RFC 2119/8174 keywords in this document are normative.
Validation before execution
- Executors MUST validate a spec before running it.
- Backing/open helpers MUST validate SHM headers and layout compatibility before exposing the mapping to runtime code.
- Openers MUST treat existing mappings as untrusted input.
Startup
- A runtime MUST either complete initialization successfully or fail with an error.
- If a peer dies during SHM initialization, openers MUST fail after a bounded wait rather than hang indefinitely.
- A partially initialized mapping MUST NOT be treated as a valid live runtime.
Runtime failure handling
- If any stage thread returns an error, the runtime MUST request a cooperative global stop.
- If any stage thread panics, the runtime MUST request a cooperative global stop.
stop_and_join()style runtime shutdown MUST join the worker threads it created before returning to the caller.- Error reporting SHOULD identify the first failing stage when that information is available.
Backpressure and progress
- Producer progress MUST stop before overrunning the minimum active gating sequence.
- A slow or blocked downstream stage MAY stall upstream publication through backpressure.
- Executors MUST preserve the validated dependency/barrier structure; they MUST NOT skip declared dependencies to "keep things moving".
SHM lifecycle
ByteOr v1 uses file-backed SHM mappings for the SHM path.
- Mapping files MAY remain on disk after an abnormal exit.

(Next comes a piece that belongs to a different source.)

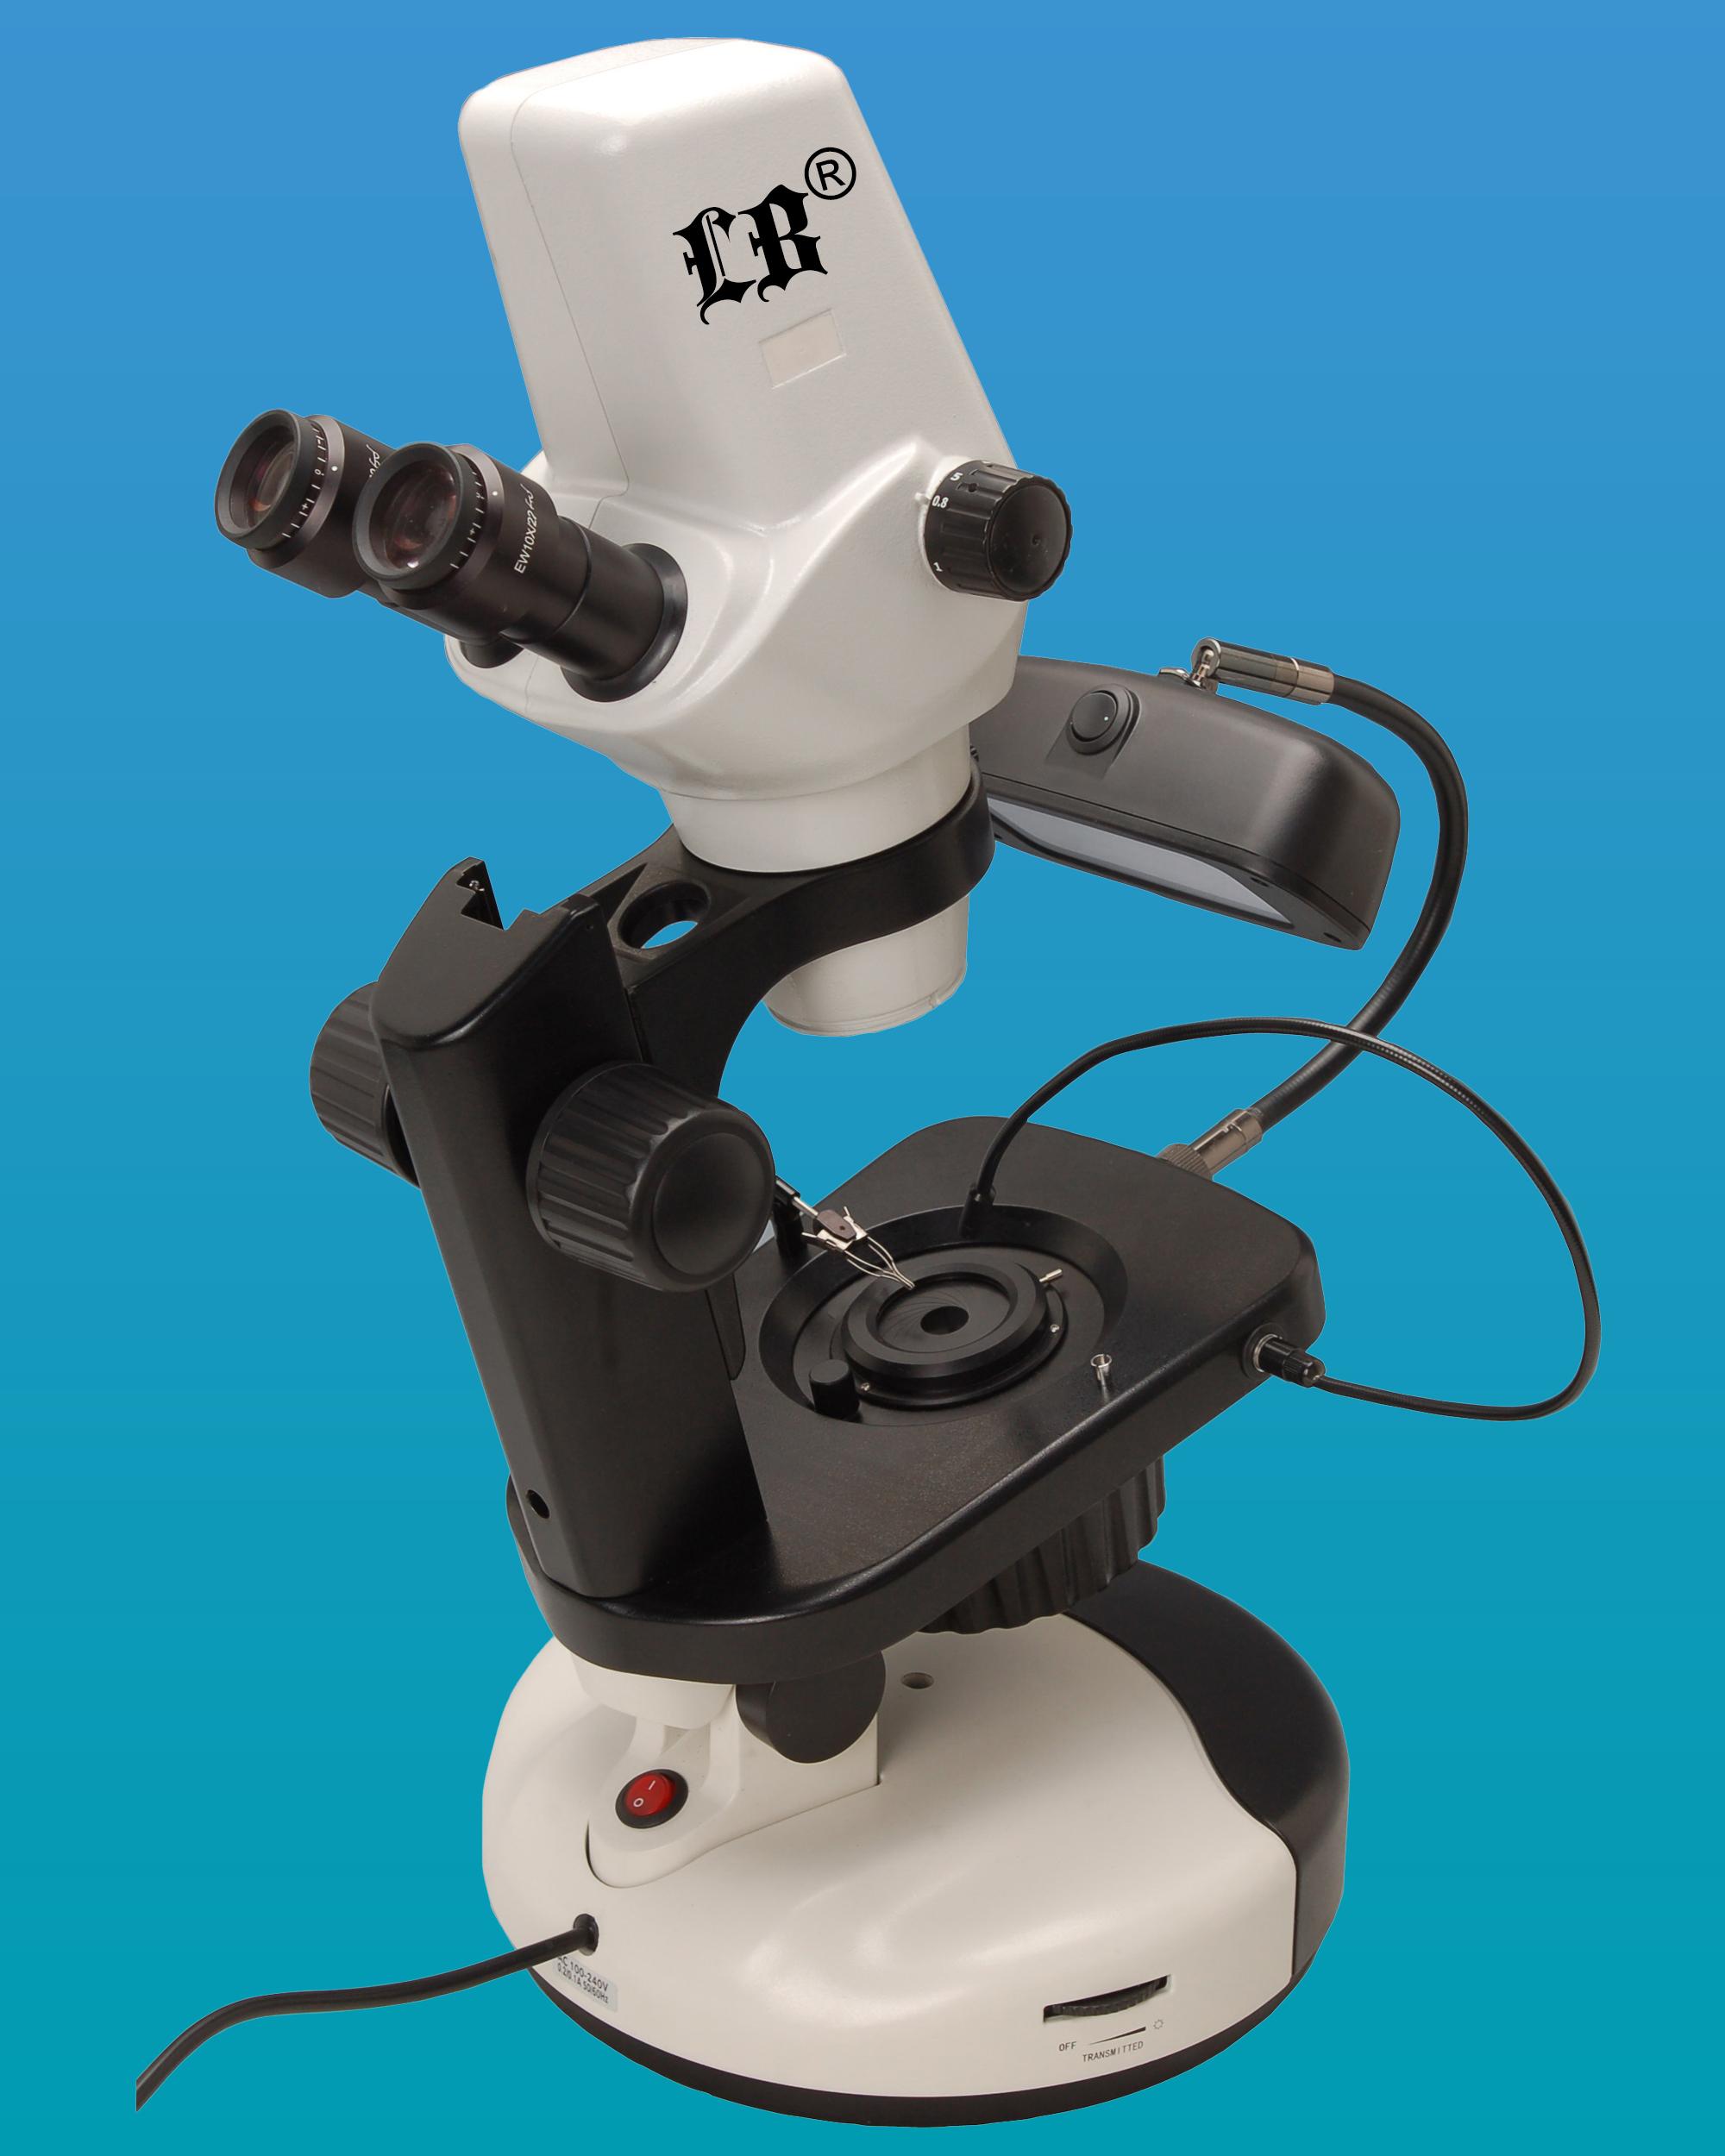 [LB-867] Binocular Digital Stereo Zoom Gemological Microscope w/ Extra Wide Field, 3.2MP Digital Camera, Halogen & Fluorescent Illumination

- A stale file MUST be revalidated before reuse.
- Layout mismatch, missing required capabilities, truncated mappings, or malformed headers MUST be treated as hard-open failures.

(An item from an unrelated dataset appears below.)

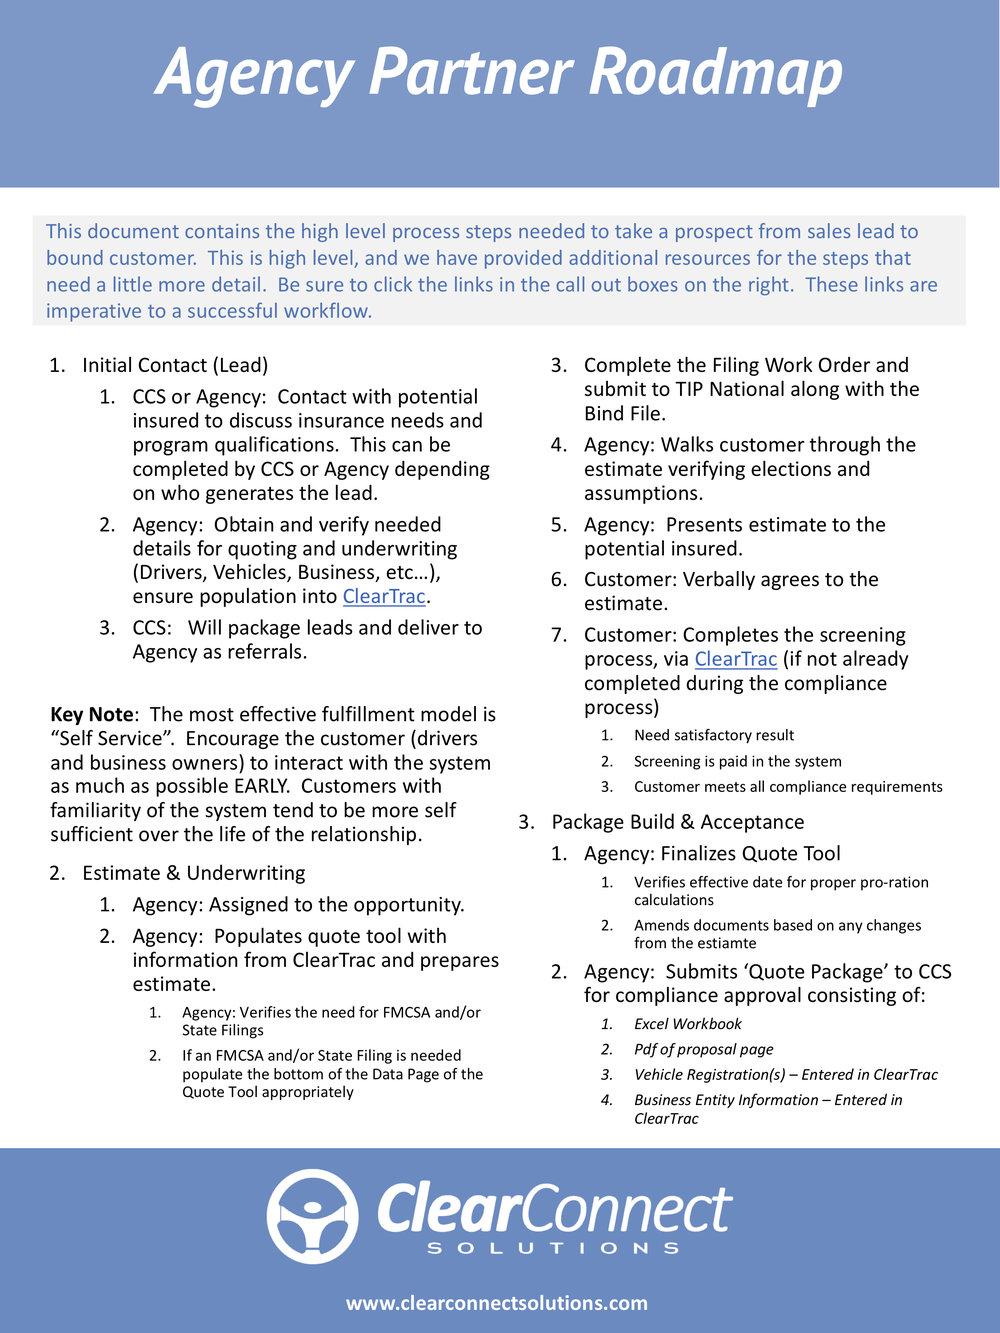 Agency Partner Roadmap - General.jpg

- The OSS runtime does not promise durable recovery from crashes; stale artifacts are an operator cleanup concern.
Non-goals
The current v1 OSS lifecycle contract does not include:
- dynamic stage attach/detach
- automatic recovery from arbitrary corrupted SHM state
- durable replay guarantees for every backing/runtime combination
- best-effort execution of known-invalid specs